- Born: c. 1977 or 1987 Barisal, Bangladesh
- Disappeared: 16 January 2022
- Status: Died
- Cause of death: Murdered
- Body discovered: Keraniganj Upazila, Dhaka District, Bangladesh
- Occupations: Actor; film producer; film director;

= Raima Islam Shimu =

Bangladeshi actress and director (died 2022)

Raima Islam Shimu (c. 1977 or 1987 – after 16 January 2022) (Note: The Daily Star says that Shimu was born in 1977 and Jugantor says that she was born in 1987.) was a Bangladeshi actress, film producer and director. She who has starred in 24 films and numerous TV dramas since 1998. Shimu disappeared on 16 January 2022, and she was later murdered.

== Early life and career ==
Shimu was born in Barisal in c. 1977 or 1987.

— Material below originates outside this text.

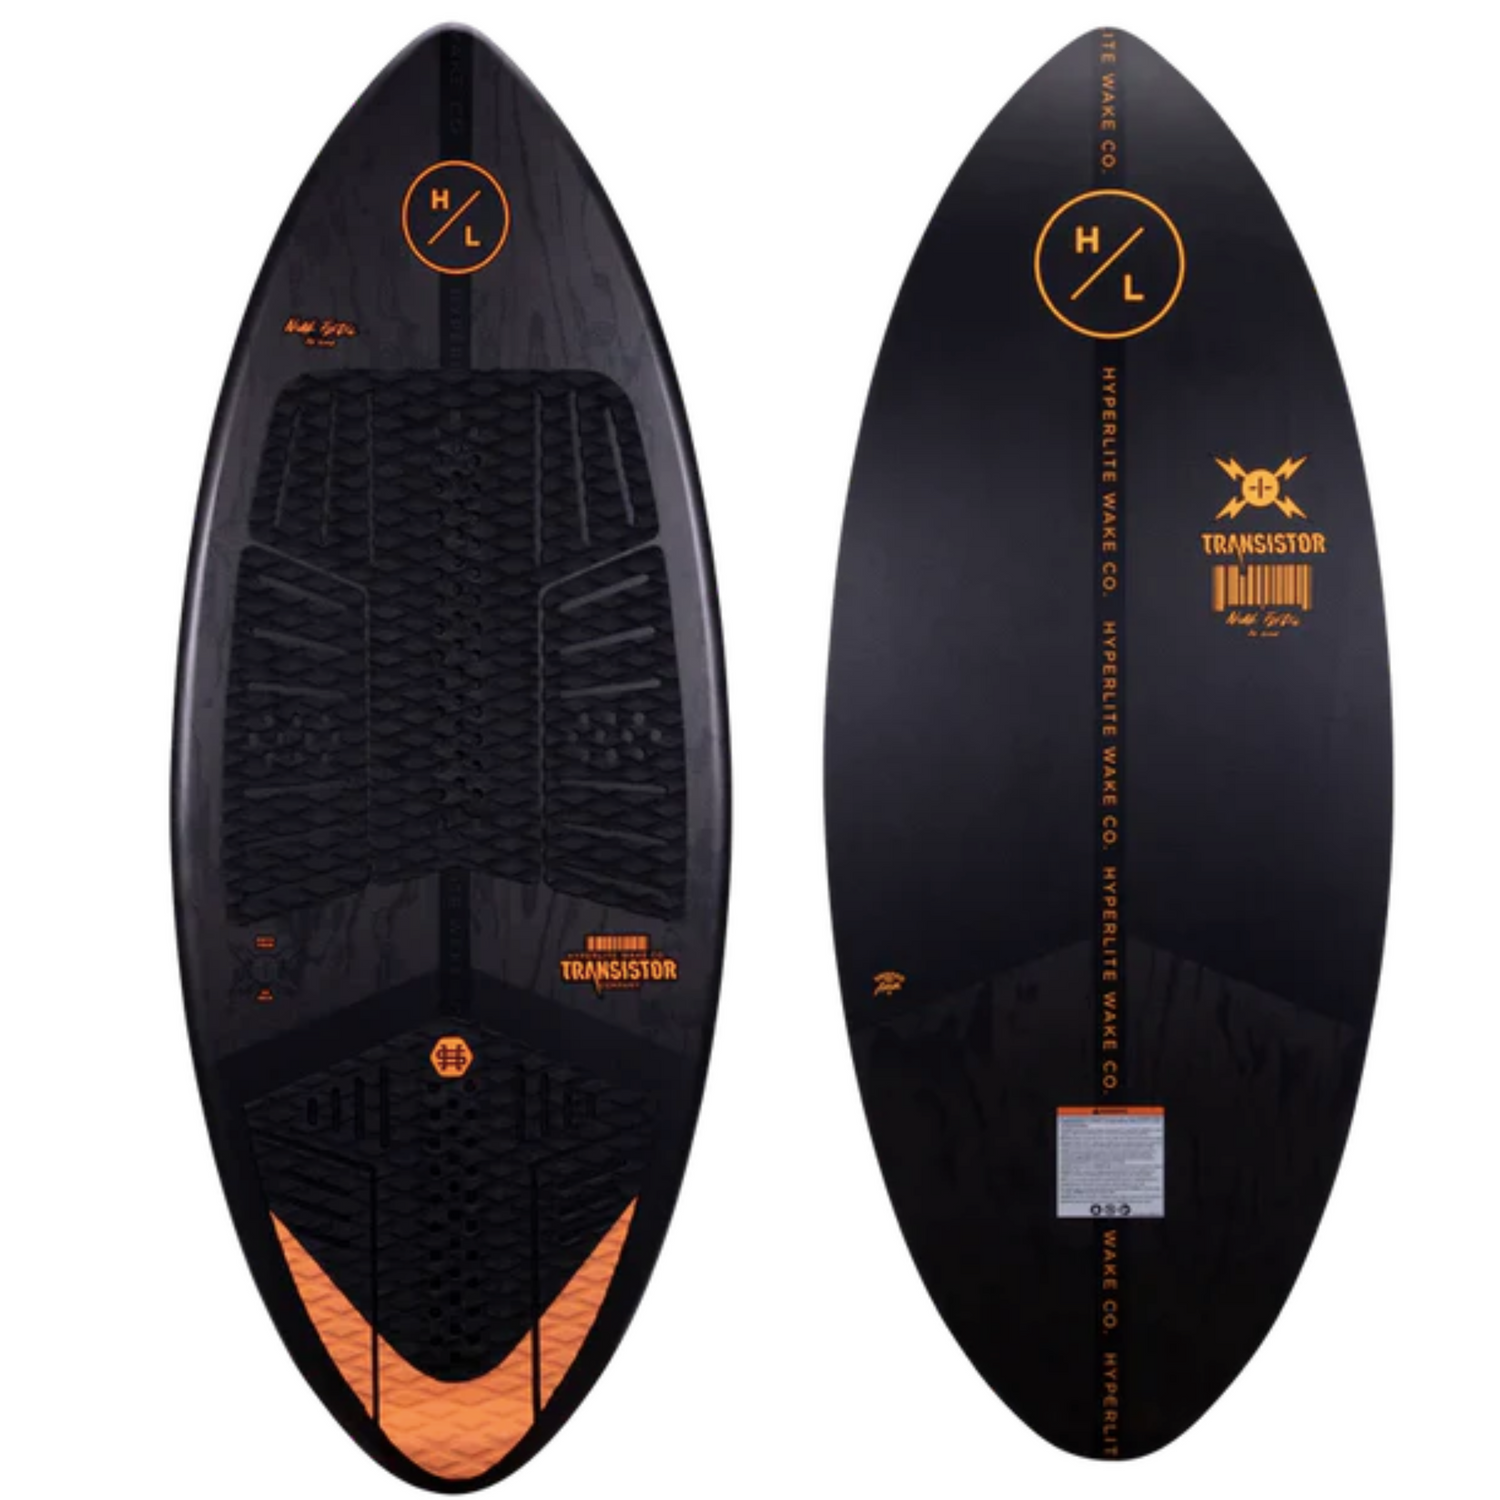 Hyperlite 54" Transistor wake surf board in orange and black

Her first film was Bartaman (1998), directed by Kazi Hayat. Her final film appearance was in Jamai Shashur (2002).

== Murder ==
Shimu went missing on January 16, 2022. Shimu's husband Sakhawat Ali Nobel was depressed due to various reasons including closure of business. He gradually became suspicious of his wife being unfaithful. This led to marital quarrels, which eventually led to her death by her husband. Shimu reported her husband being abusive to the police sometimes earlier her death. Her husband and his friend planned and executed the murder, and later confessed to the police on January 19. Her dismembered dead body was found by police in Keraniganj Upazila in Dhaka District on 17 January 2022. The body was kept in the morgue of Sir Salimullah Medical College.